### Task goal
Repeat everything in the listing exactly, except for the images.
═════ The input ═════
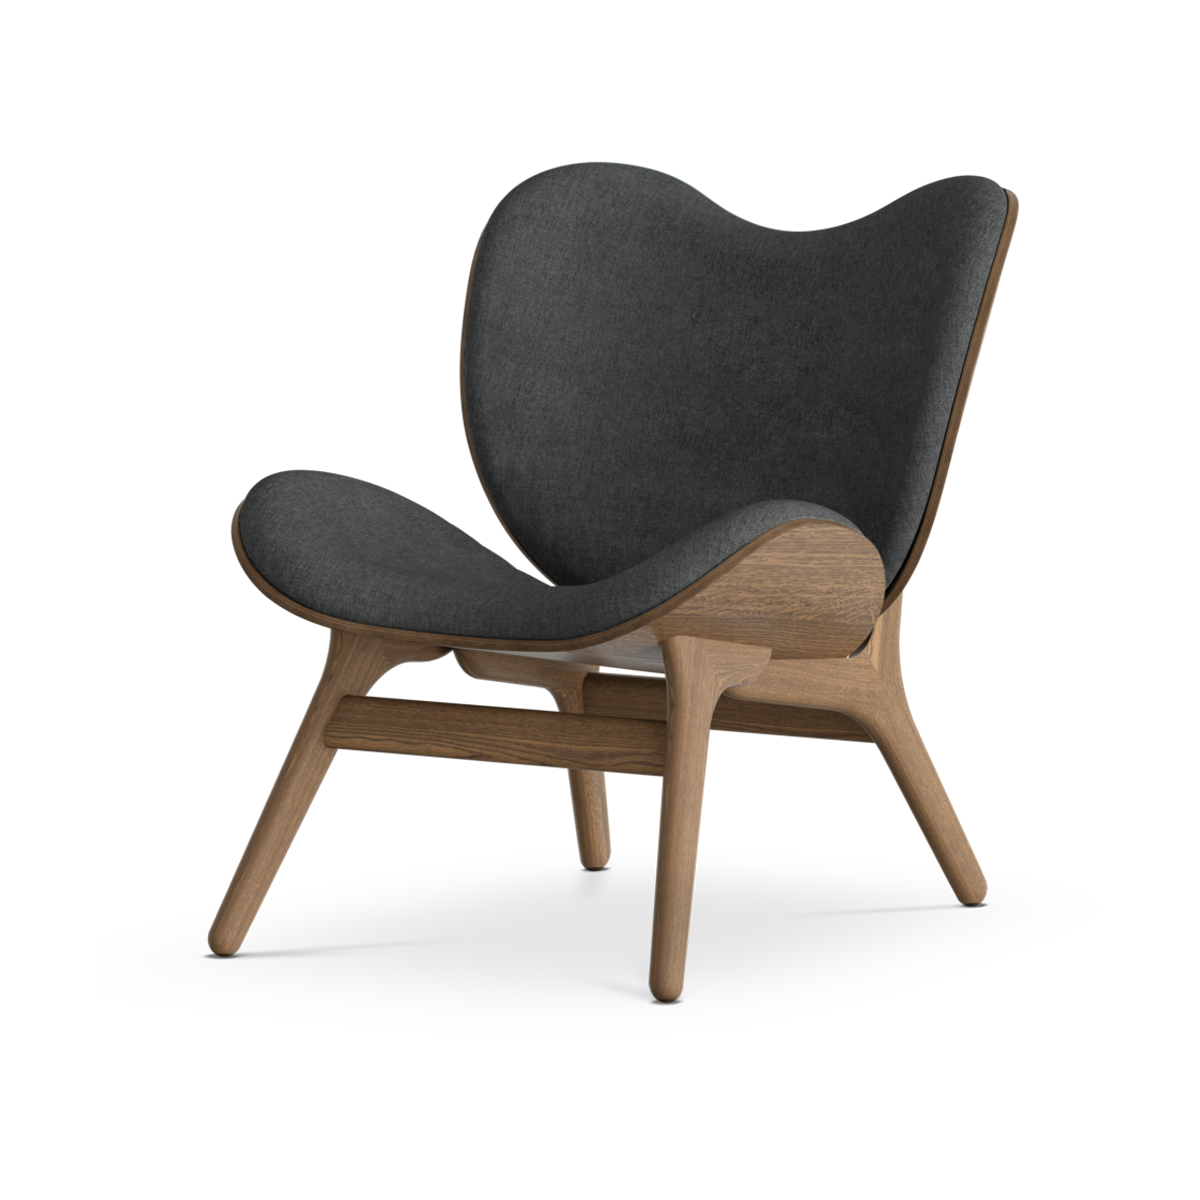 A Conversation Piece houten fauteuil donker eiken - Shadow
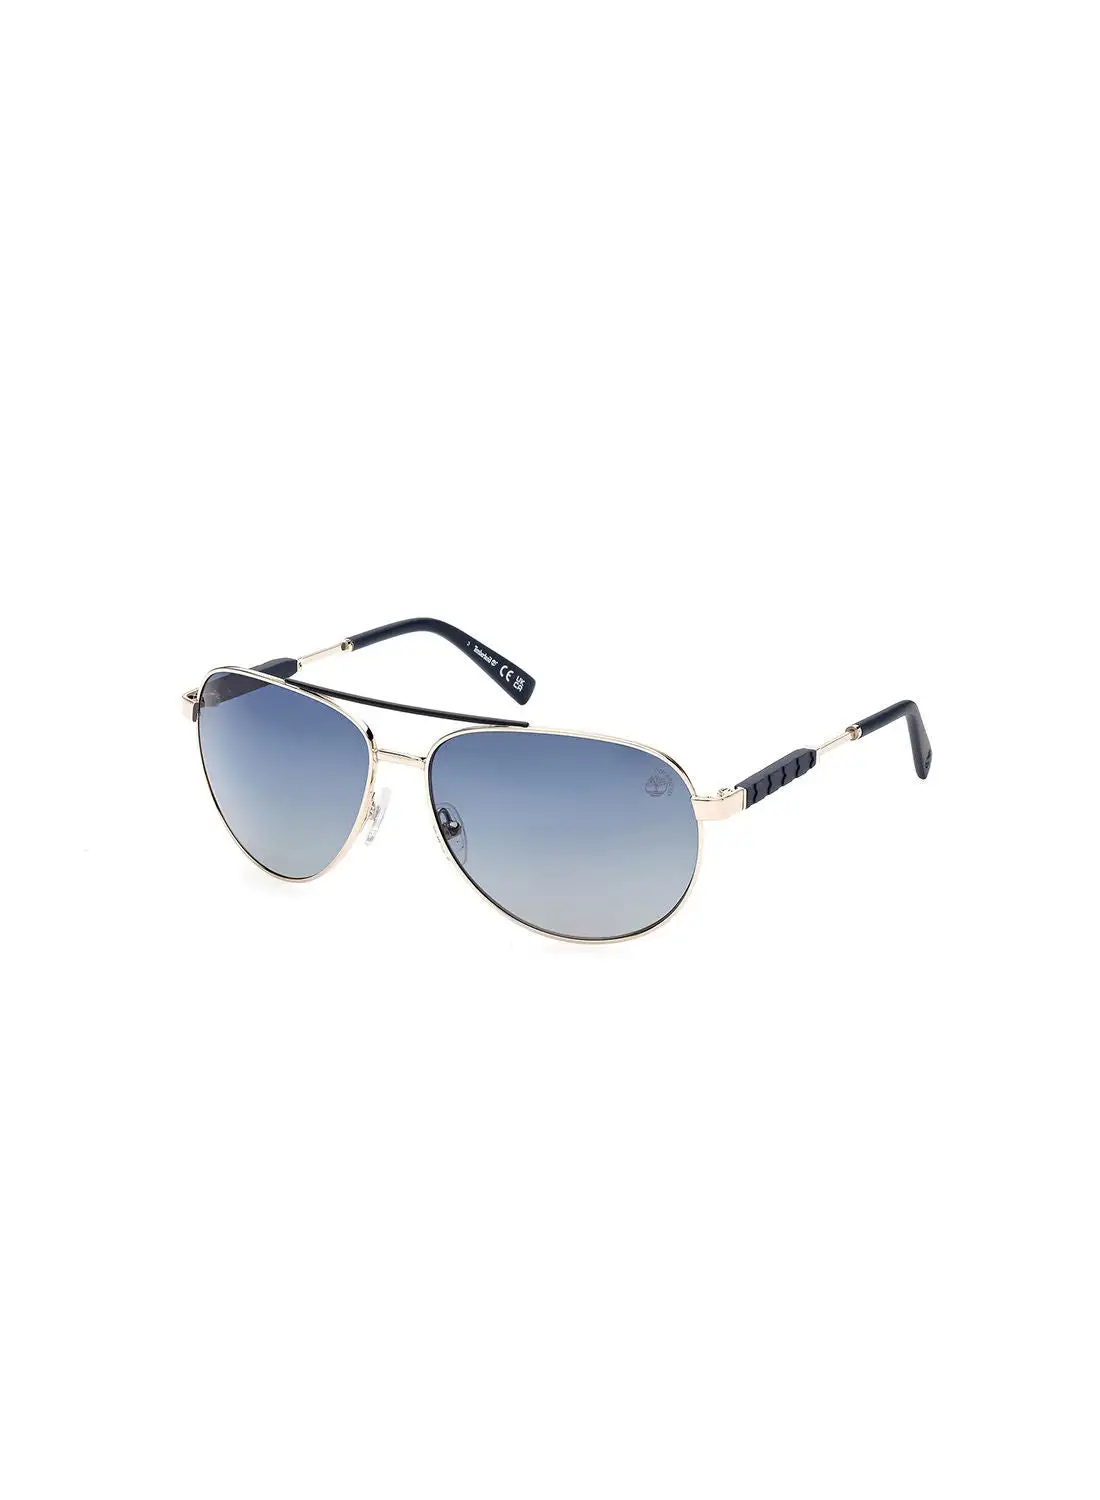 Timberland Men's Polarized Pilot Sunglasses - TB928232D61 - Lens Size: 61 Mm
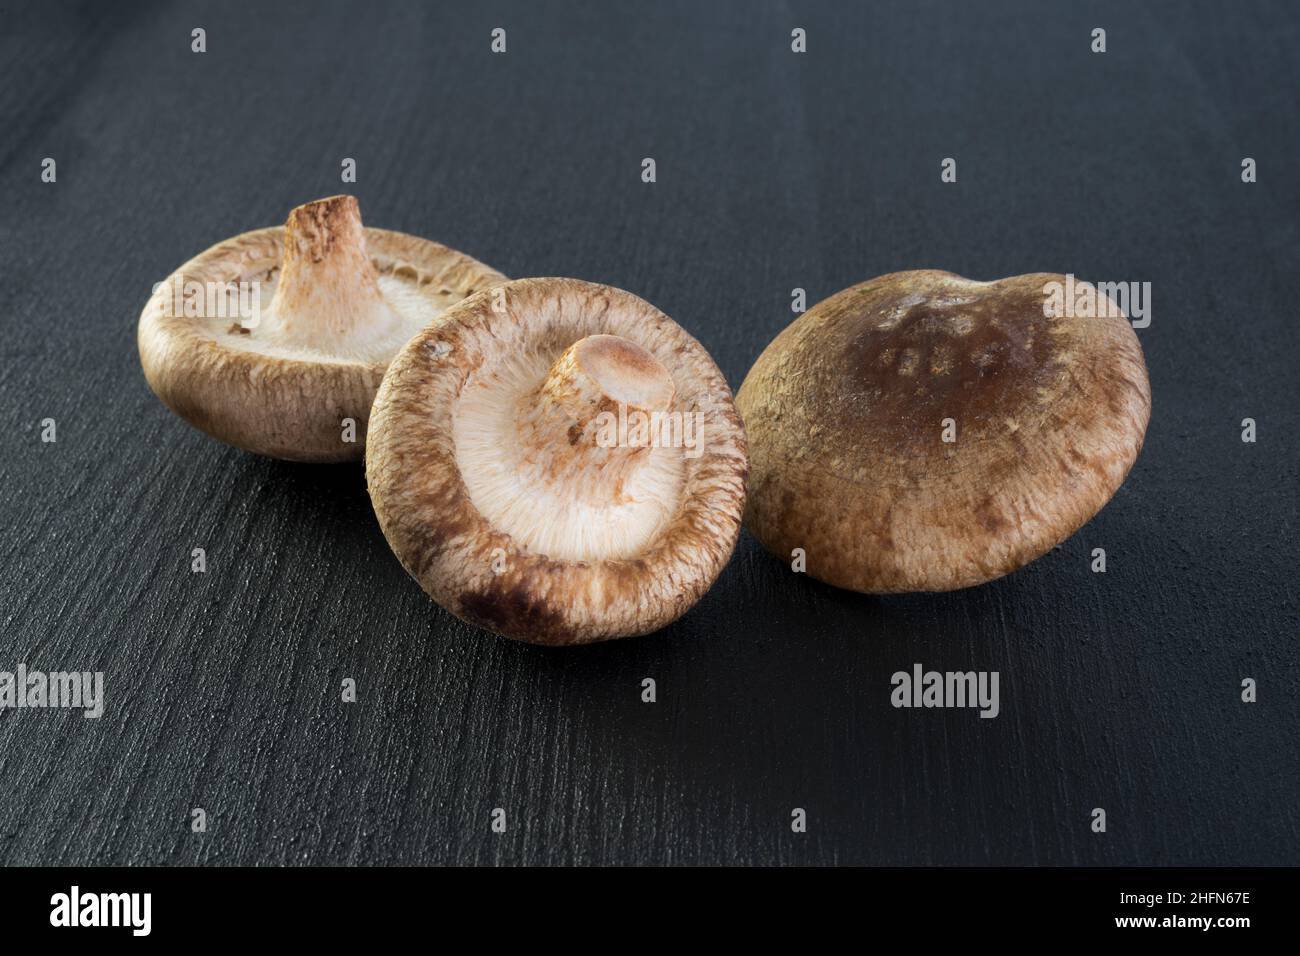 Champignons d'huîtres gros plan sur fond noir, champignons comestibles Banque D'Images
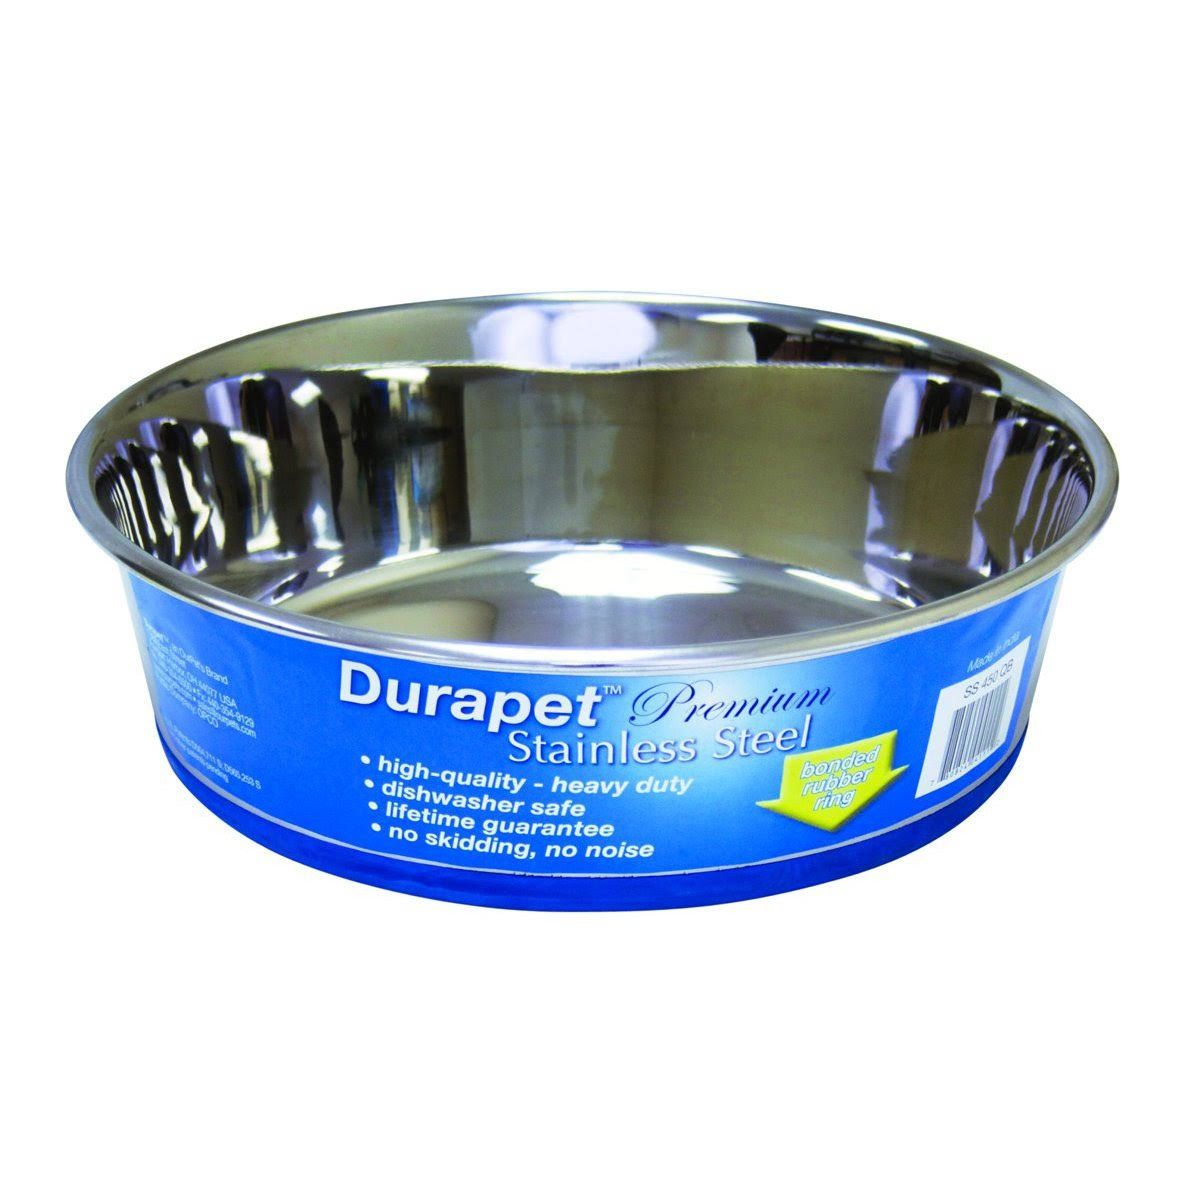 Our Pets Durapet Premium Pet Bowl - Stainless Steel, 144oz
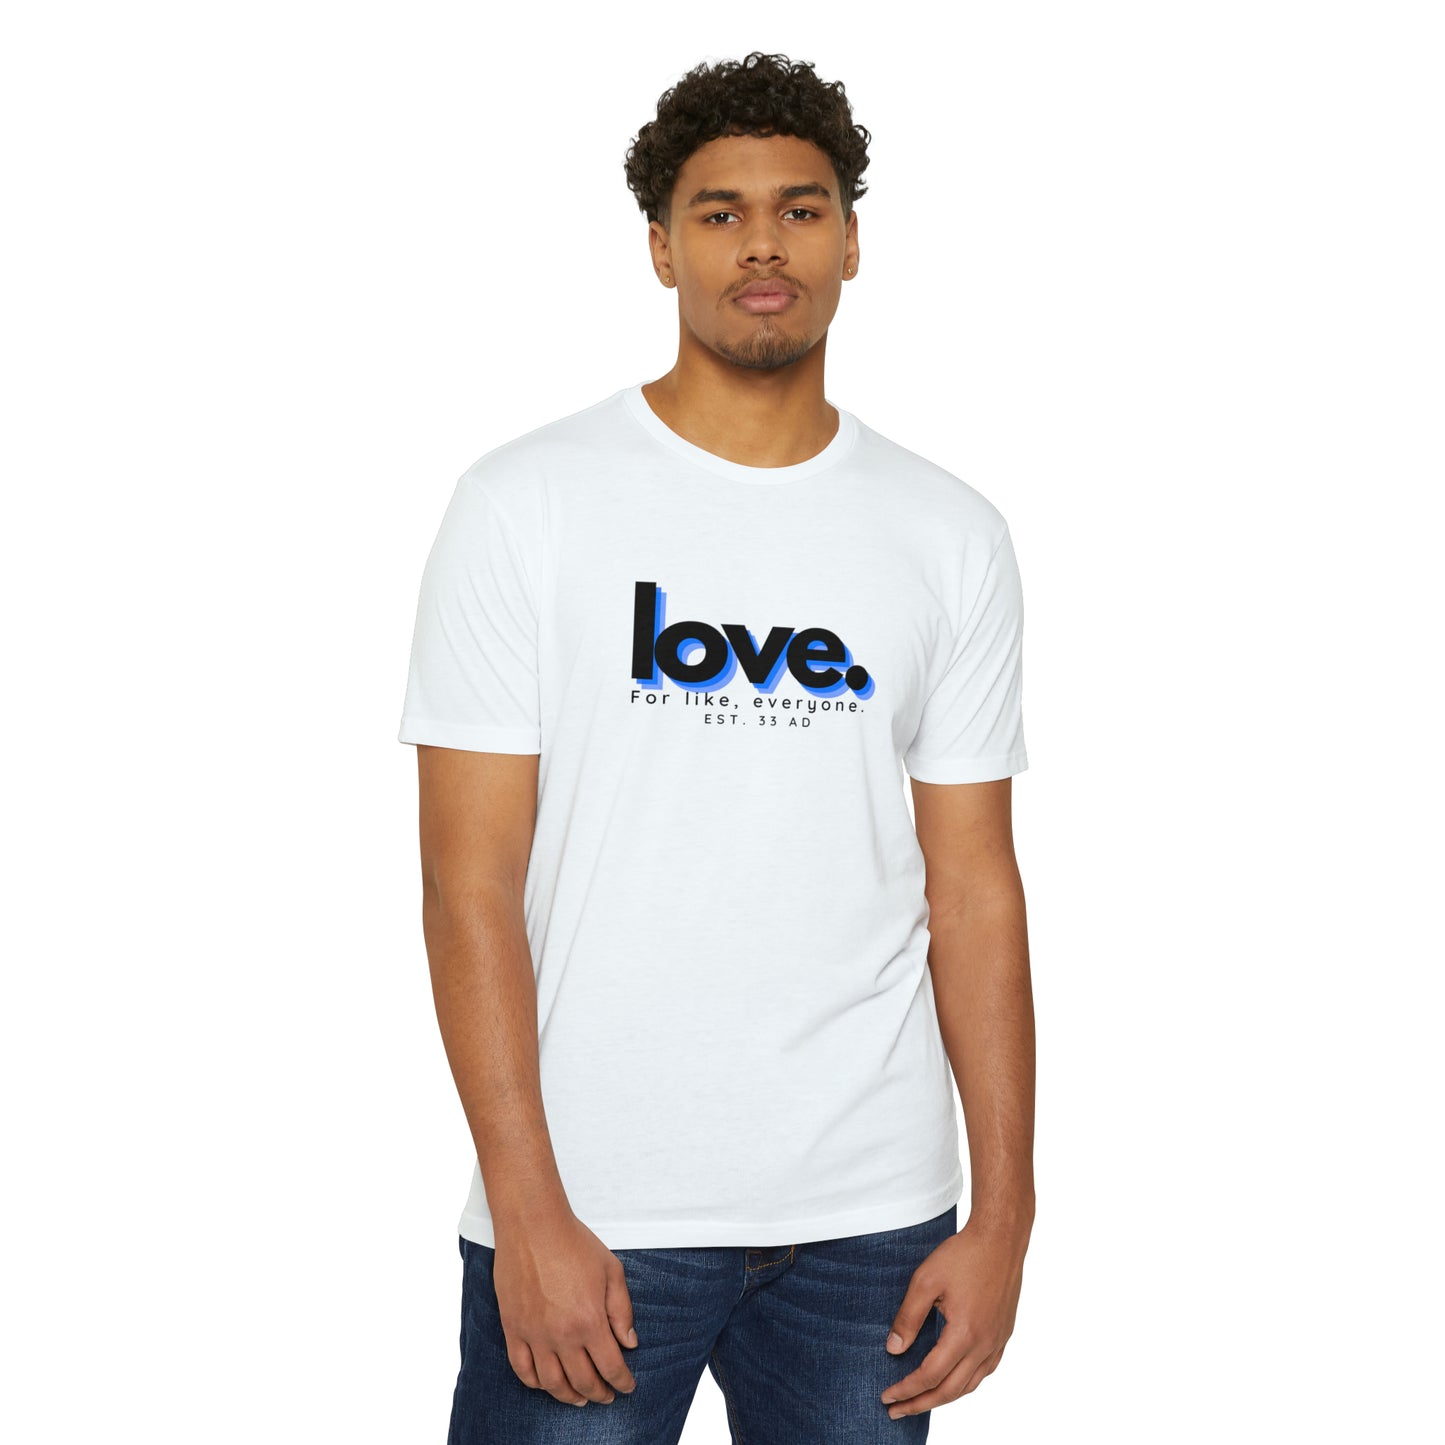 Love, Christian T-shirt for men and women
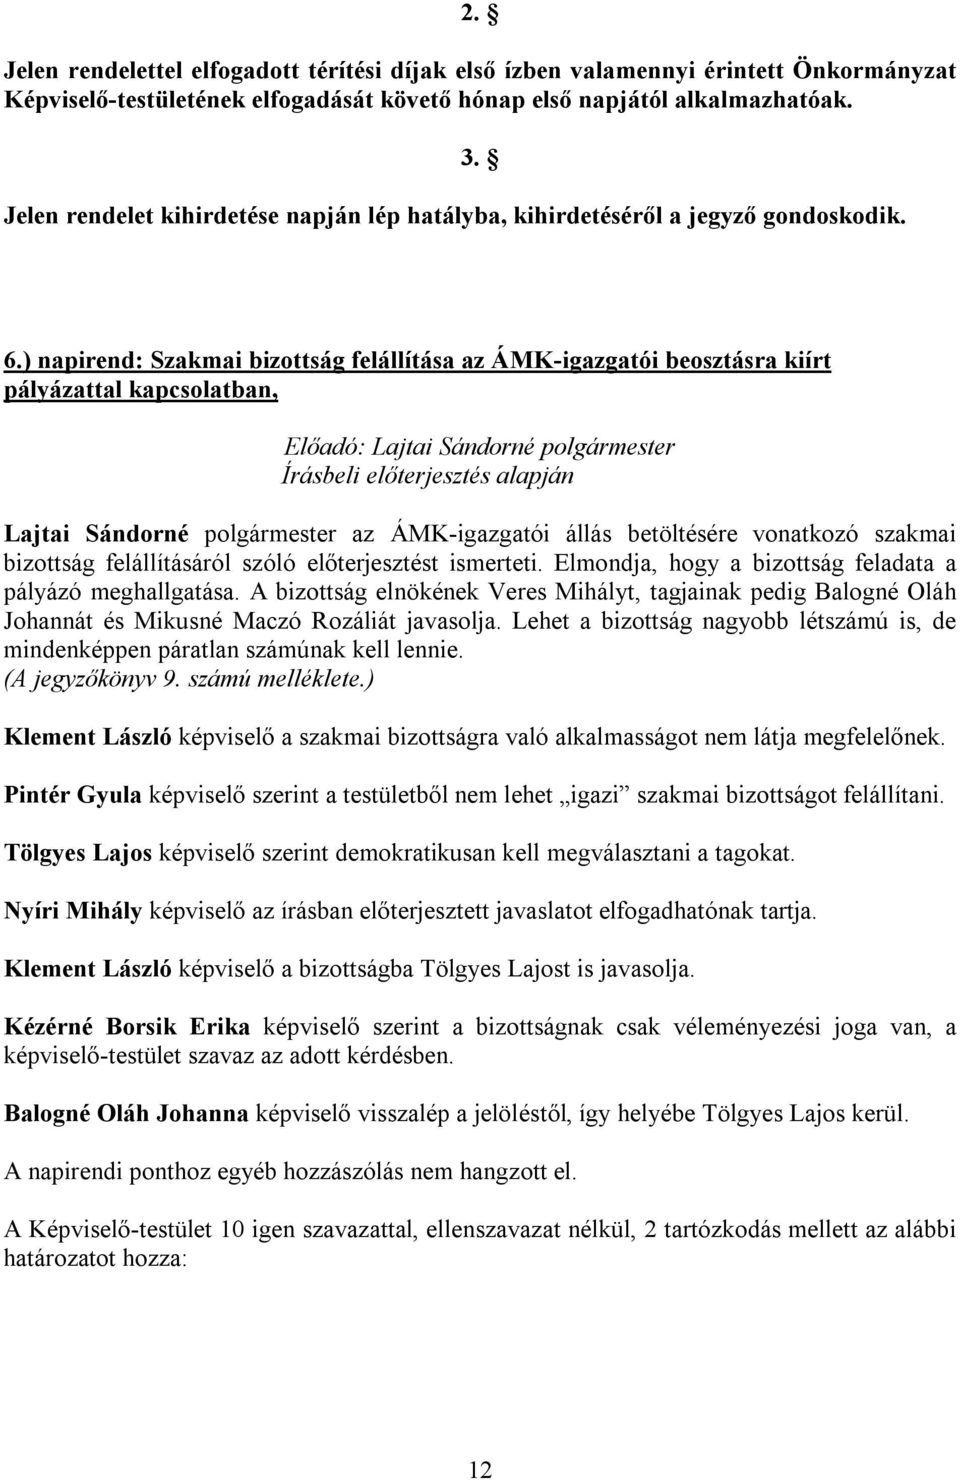 ) napirend: Szakmai bizottság felállítása az ÁMK-igazgatói beosztásra kiírt pályázattal kapcsolatban, Lajtai Sándorné polgármester az ÁMK-igazgatói állás betöltésére vonatkozó szakmai bizottság
═════
### Completed exercise
 A Conversation Piece houten fauteuil donker eiken - Shadow
 Timberland Men's Polarized Pilot Sunglasses - TB928232D61 - Lens Size: 61 Mm
 Champignons d'huîtres gros plan sur fond noir, champignons comestibles Banque D'Images
 Our Pets Durapet Premium Pet Bowl - Stainless Steel, 144oz
 Love, Christian T-shirt for men and women
 ) napirend: Szakmai bizottság felállítása az ÁMK-igazgatói beosztásra kiírt pályázattal kapcsolatban, Lajtai Sándorné polgármester az ÁMK-igazgatói állás betöltésére vonatkozó szakmai bizottság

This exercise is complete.